Im letzten Drittel des Films sieht Hirayama, wie sein Schwarm, die Barbesitzerin, einen anderen Mann umarmt. Erschüttert und beschämt flieht er, um am Fluss zu rauchen und zu trinken. Dort erscheint eben jener Mann und bei einem gemeinsamen Bier stellt sich heraus, dass er der Ex-Eheman der Barbesitzerin ist. An Krebs erkrankt, kam er vorbei, um sich von ihr zu verabschieden. Hirayama tröstet und unterhält den Mann mit einem Spiel aus seiner Kindheit, das sie in der Dämmerung am Flussufer spielen. Die Szene birgt einen seltenen Moment gemeinsamer Verletzlichkeit in einem Leben, das ansonsten wenig Raum für kollektive Formen von Erkenntnis, Schmerz und Freude zu bieten scheint.
Hier schlägt Perfect Days einen Bogen zur Vereinsamungskrise neoliberalisierter Gesellschaften. Japan ist dafür vielleicht das extremste Beispiel: Fast 1,5 Millionen Japanerinnen und Japaner – sogenannte Hikikomori – leben in völliger sozialer Zurückgezogenheit. Ihre Wohnungen verlassen sie nur für lebenswichtige Aufgaben wie den Lebensmitteleinkauf. Zunächst scheint der Film nicht-kommodifizierte Achtsamkeit und tugendhaftes Alleinsein als Lösung für diese Krise anzubieten. Letztendlich zeigt er uns jedoch deren Grenzen auf.
Erst mit der Schlussszene wird Perfect Days von einem guten Film zu einem Meisterwerk. In der letzten Einstellung kehrt Hirayama zu seiner Routine zurück und fährt im Morgengrauen unter einer honigfarbenen Morgensonne durch Tokio. Zur Melodie von Nina Simones »Feeling Good« bricht er plötzlich in Grinsen und Stirnrunzeln, Lächeln und Tränen aus. Und wir, das Publikum, fragen uns, ob er nun wirklich glücklich alleine ist, ob er sich wirklich »gut fühlt«. Nur wenige Kritikerinnen und Kritiker haben sich mit der Zweideutigkeit dieser Szene auseinandergesetzt.
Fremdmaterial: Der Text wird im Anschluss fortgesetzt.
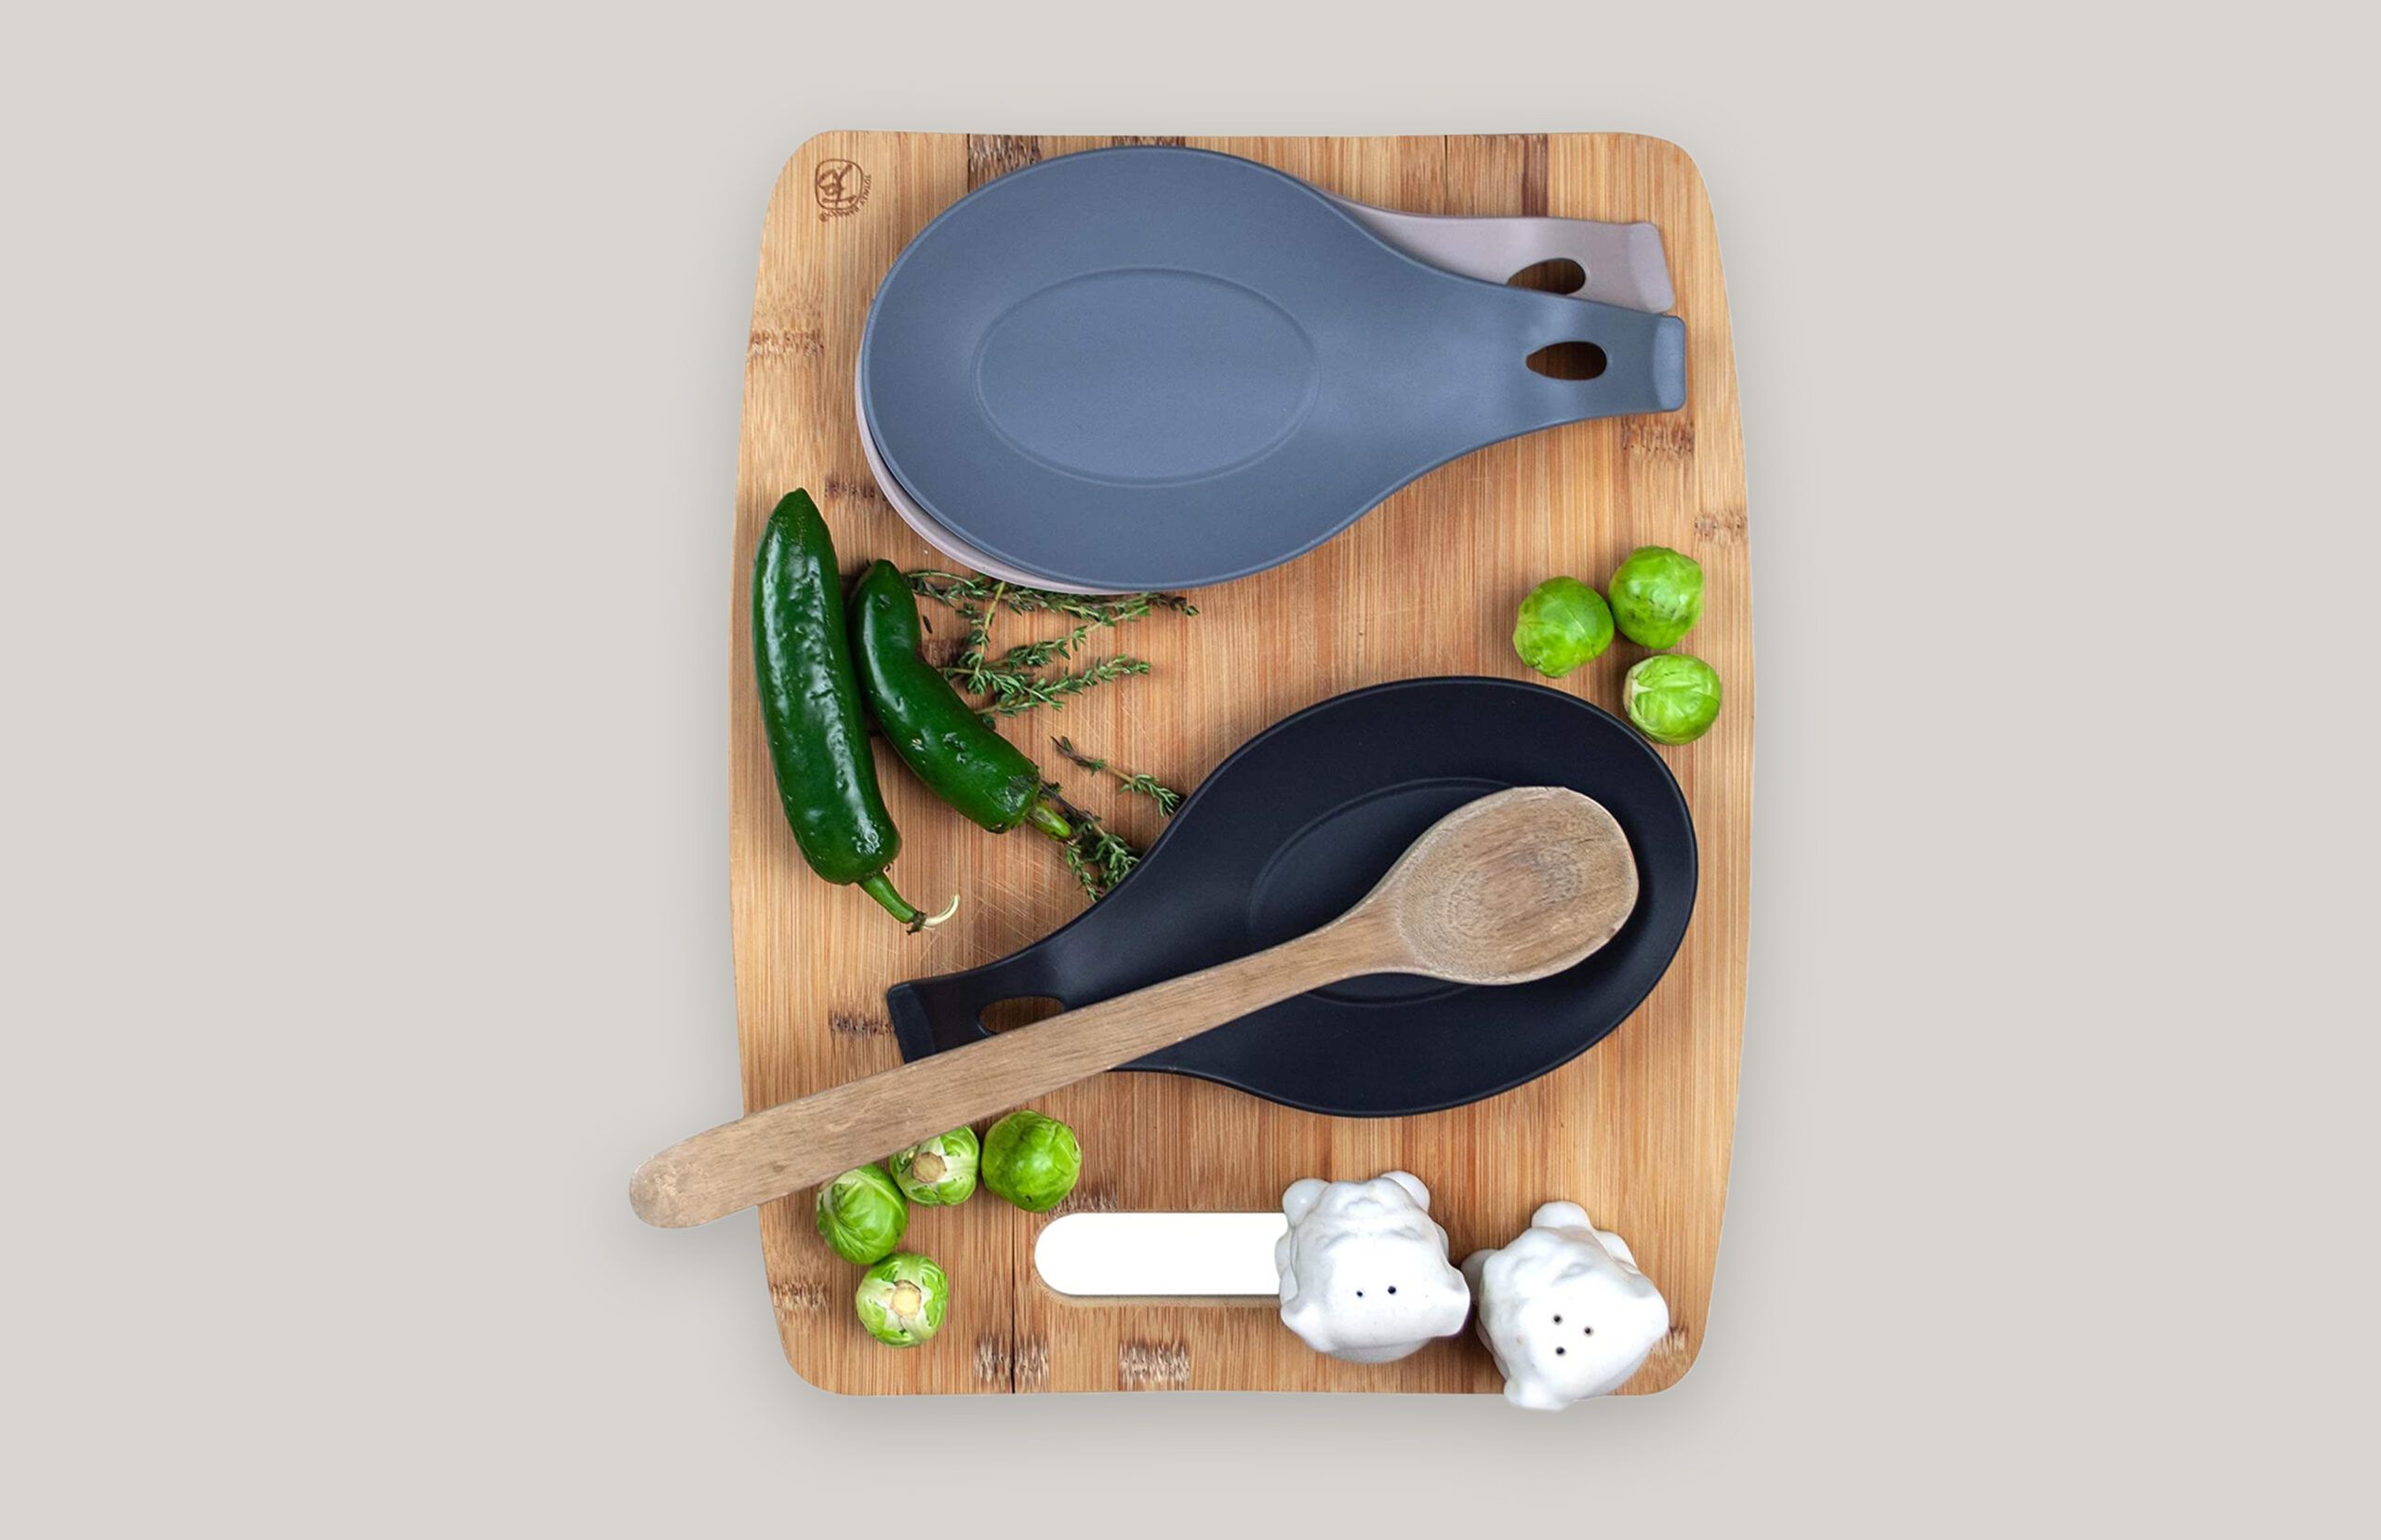 https://s42814.pcdn.co/wp-content/uploads/2020/10/Modern_Silicone_Spoon_Rest_copy_Kitchen_Gadgets-scaled.jpg.optimal.jpg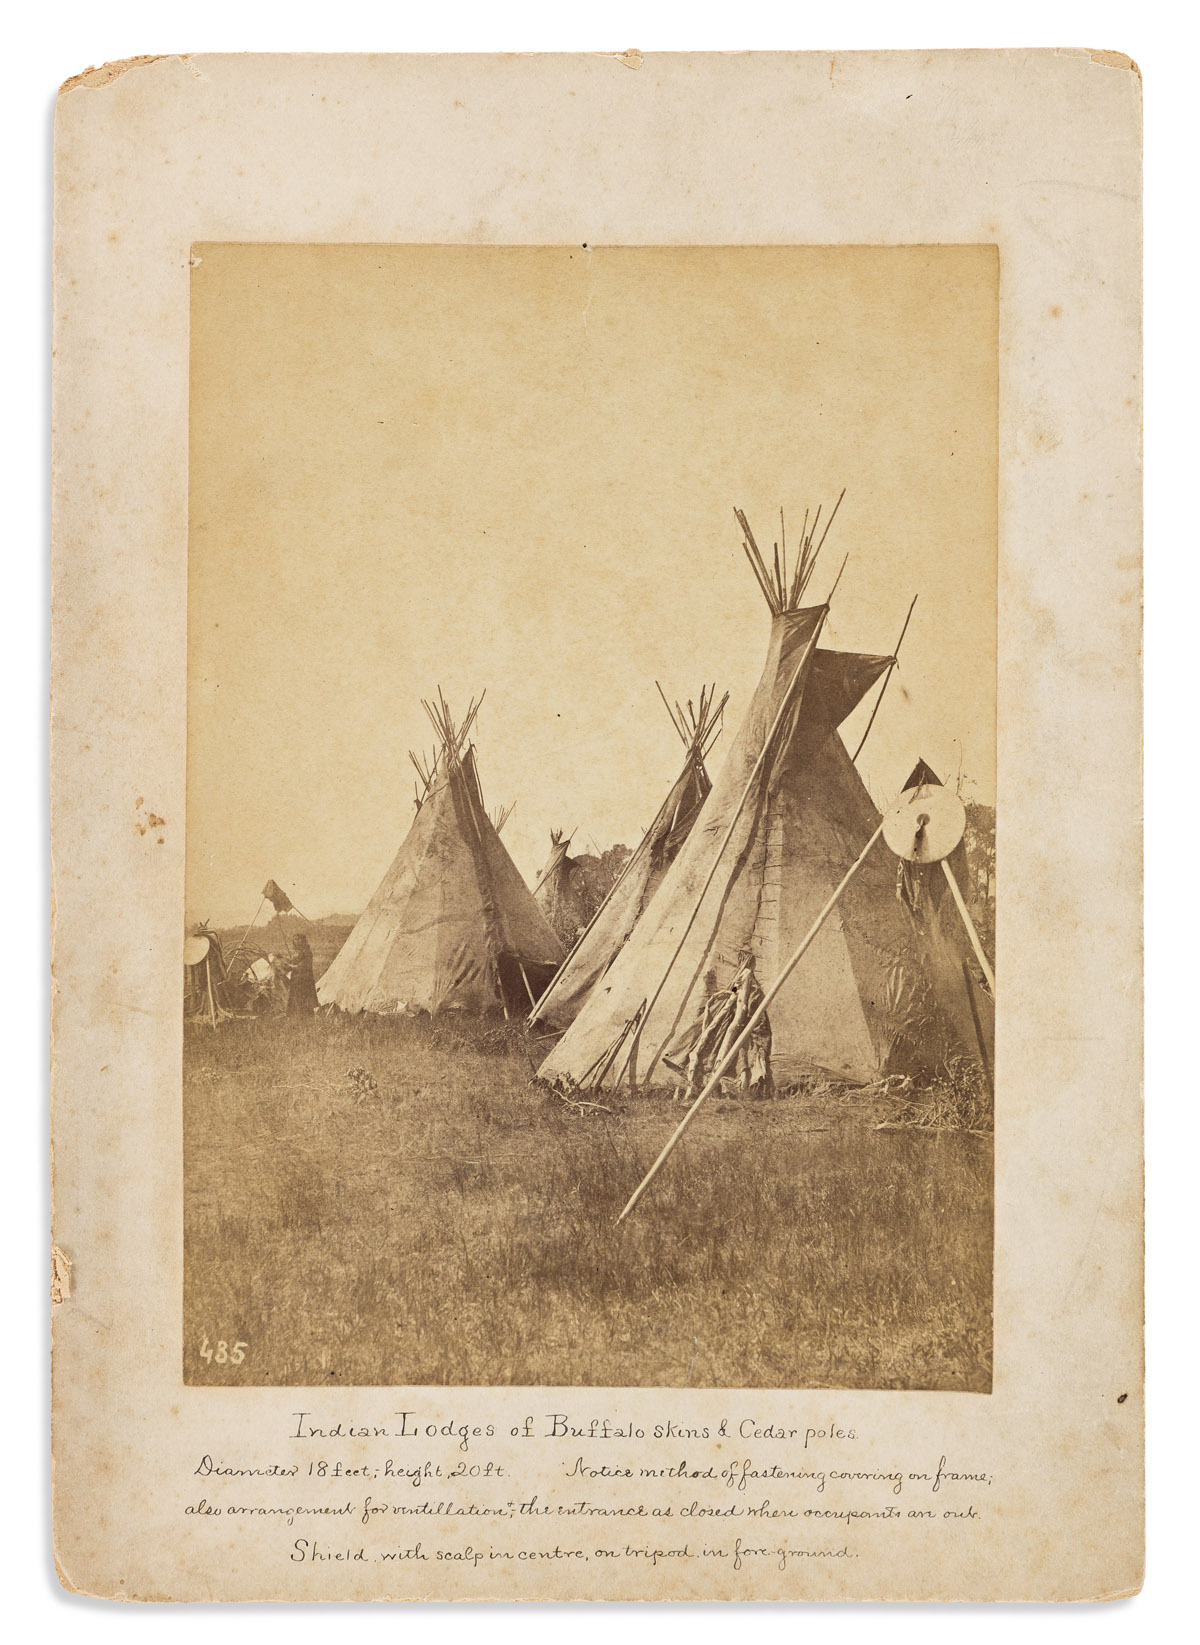 (AMERICAN INDIANS--PHOTOGRAPHS.) William Soule. Indian Lodges of Buffalo Skins & Cedar Poles.

Letzten Endes ist der Film weder eine Geschichte sublimer Achtsamkeit noch eine eskapistische Fantasie. Jede scheinbar widersprüchliche Lesart des Films begeht denselben Fehler: Sie sieht nur Hiraymas Streben nach einer endlosen Gegenwart. Dabei wird ignoriert, was er mit seinem Versuch, endlose perfekte Tage zu leben, verloren hat und weiter verlieren wird.
Daniel Kopp ist Kommunikationsdirektor bei UNI Europa, dem europäischen Gewerkschaftsverband für den Dienstleistungssektor.
Nick Johnston ist Doktorand in Philosophie.